March 05, 2004|by LISA TEDRICK PREJEAN

"Amy had not made a real wish at all. When Mitchell had blown away her first wish, she had been standing with her eyes closed trying to decide which of several wishes to choose - something with whipped cream on it for dessert, lots of birthday-party invitations in the fourth grade, or the president of the United States abolishing the multiplication tables."

And so begins the second chapter of Beverly Cleary's "Mitch and Amy."

It seems that some things haven't changed since 1967 when Cleary wrote about the adventures of a delightful set of fourth-grade twins.

Kids still like eating whipped cream, attending birthday parties and would love being pardoned from learning multiplication.

My 8-year-old considers this next step in math a necessary evil, and each time I say, "It's time to go over your multiplication tables," I see the groan on his face before it escapes his lips.

It's not that multiplication is all that difficult, it just requires a certain measure of discipline, concentration and memorization - three attributes kids tend to avoid as much as possible.


Like other math applications, I think multiplication can be learned the old-fashioned way, with a little repetition going a long way.

We use flash cards of the times tables, but only spend about five or 10 minutes at a time reviewing facts. I'm a nice mom. Really, I am. I just drill him a little at a time and make sure there's time for lots of fun in between the work.

Janet Magee of Shepherdstown, W.Va., incorporates fun in the work by putting the times tables to the tunes of popular songs.

Her daughter learned the threes table by singing them to "Jingle Bells."

See if you can do it. Substitute this: "3-6-9, 12-15, 18-21. 24, 27, 30 and we're done," for this (second line of chorus that ends the song): "Jingle bells, Jingle bells, Jingle all the way. Oh what fun, it is to ride, in a one horse open sleigh."

Her family put the fours table - "4, 8, 12, 16, 20, 24, 28, 32, 36 and 40 more" - to "Row, Row, Row Your Boat."

They put the sixes to "Yankee Doodle," the sevens to "Silent Night" and made up some raps for the eights and nines.

She says the idea for skip counting came from Steve Demme's Math-U-See curriculum,

"You can play with songs you know and see if you can match them with the numbers," says Magee, who has a background in speech pathology. "I think music is very powerful in terms of getting information in the mind."

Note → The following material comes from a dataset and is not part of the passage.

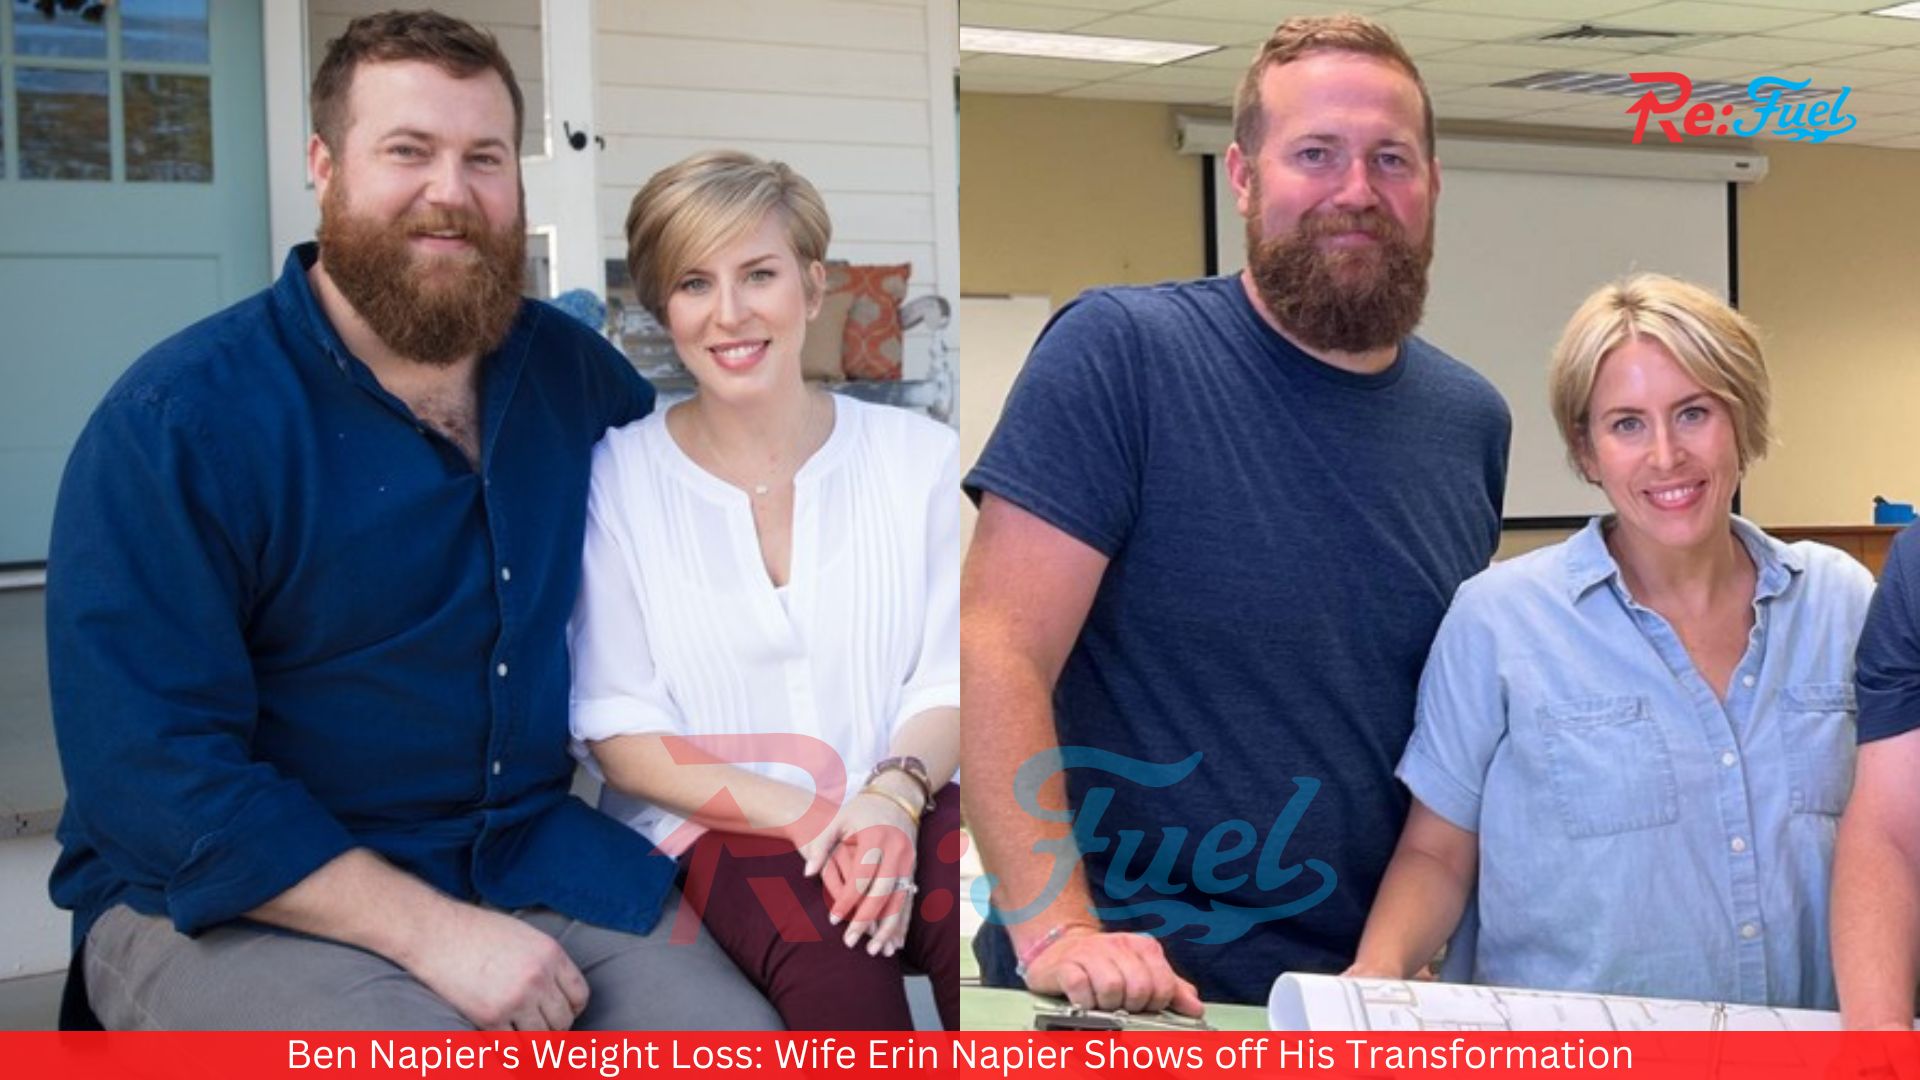 Ben Napier's Weight Loss: Wife Erin Napier Shows off His Transformation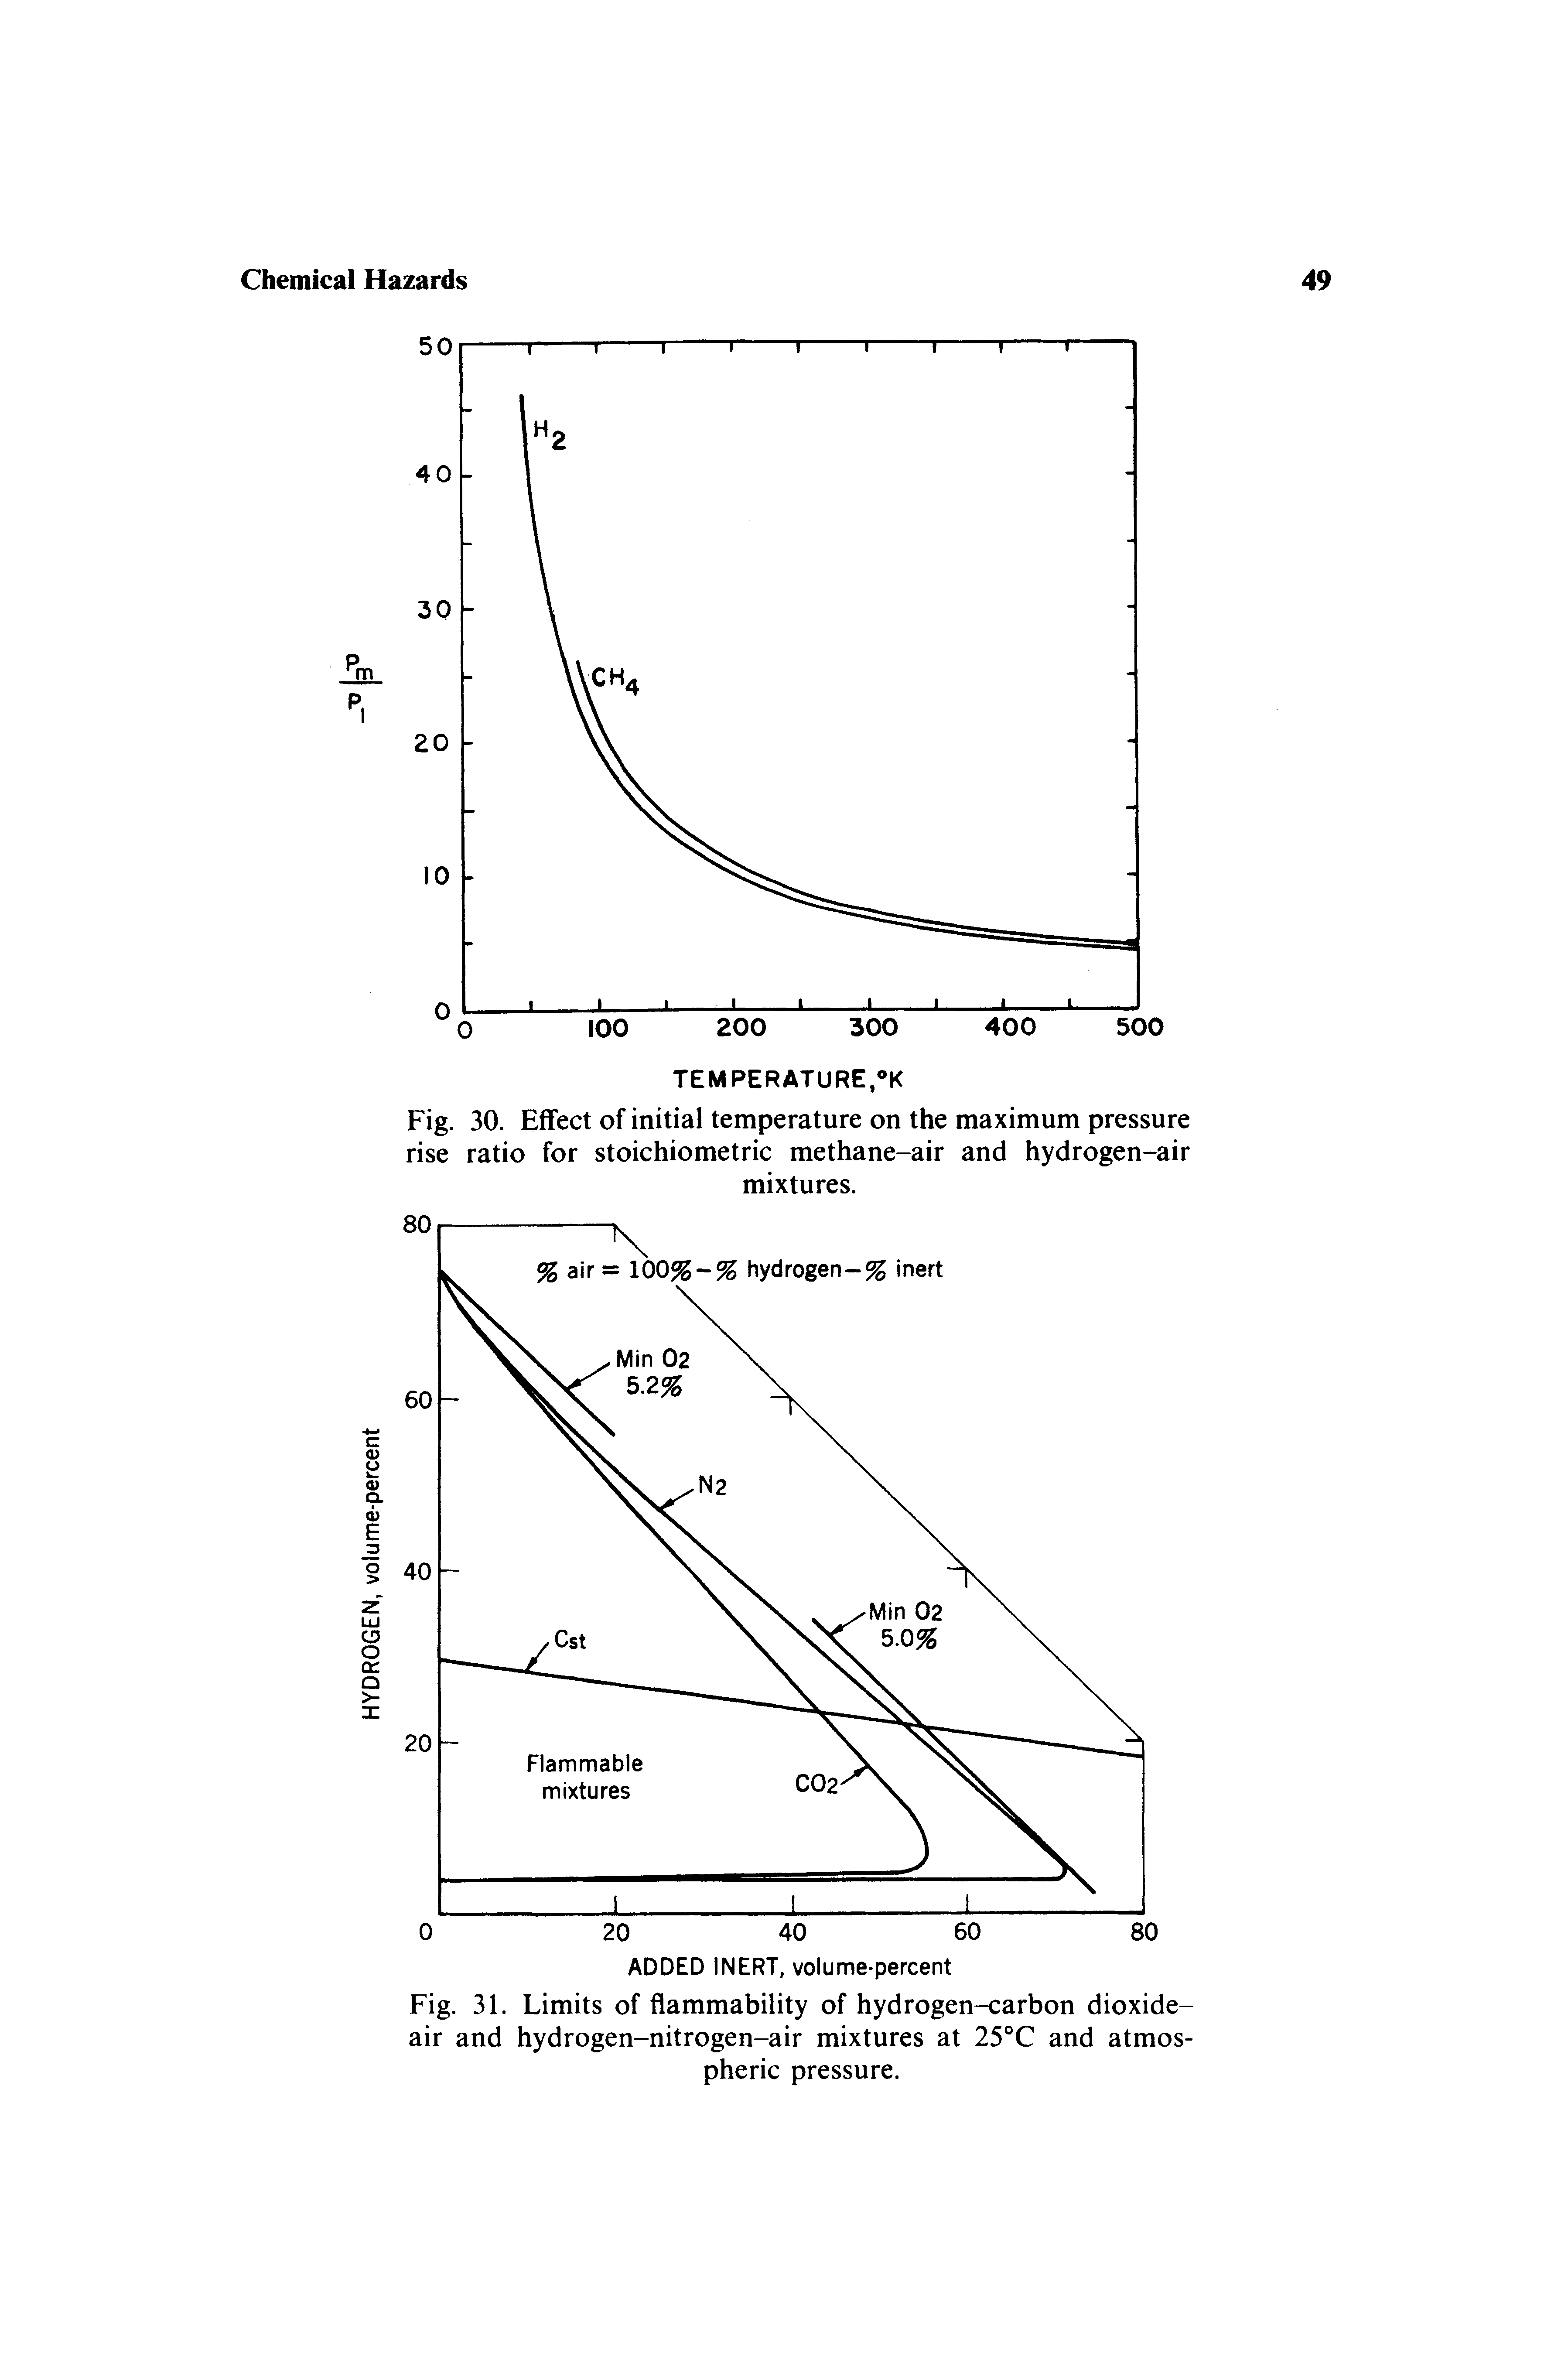 Fig. 31. Limits of flammability of hydrogen-carbon dioxide-air and hydrogen-nitrogen-air mixtures at 25°C and atmospheric pressure.

Here are some other multiplication-learning aides:

  • Play Star Count with your child. You'll need paper, pencils and dice. Each player rolls one die and draws that number of circles on his paper. He tosses the die again and draws that number of stars inside each circle. Then he multiplies the number of stars in each circle by the number of circles to get his score. For example, if the first roll is three and the next roll is six, that would be three circles containing six stars each. The score would be 18. The person with the highest score wins. This game is recommended in Peggy Kaye's "Games for Math" book. She writes that the game allows students to get a pictorial version of how teachers describe multiplication in terms of grouping numbers: three groups with six in each group.

  • Nifty nines: Check a product (the answer of a multiplication problem) on the nines table by using your fingers. Try this: Bend the little finger on your left hand. Pretend that is the one in 1x9. There are nine fingers to the right of your bent finger, so the answer is nine. Straighten your pinkie and bend the ring finger on your left hand. Pretend that is the two in 2x9. Now there's one finger up to the left of your bent finger and eight fingers up to the right of your bent finger. The answer is 18.

    P.S. - Beverly Cleary's books, while written several decades ago, cover some timeless themes for 8- and 9-year-olds. Her books also make great read-alouds for adults to share with children. Many of her titles are available at Washington County Free Library.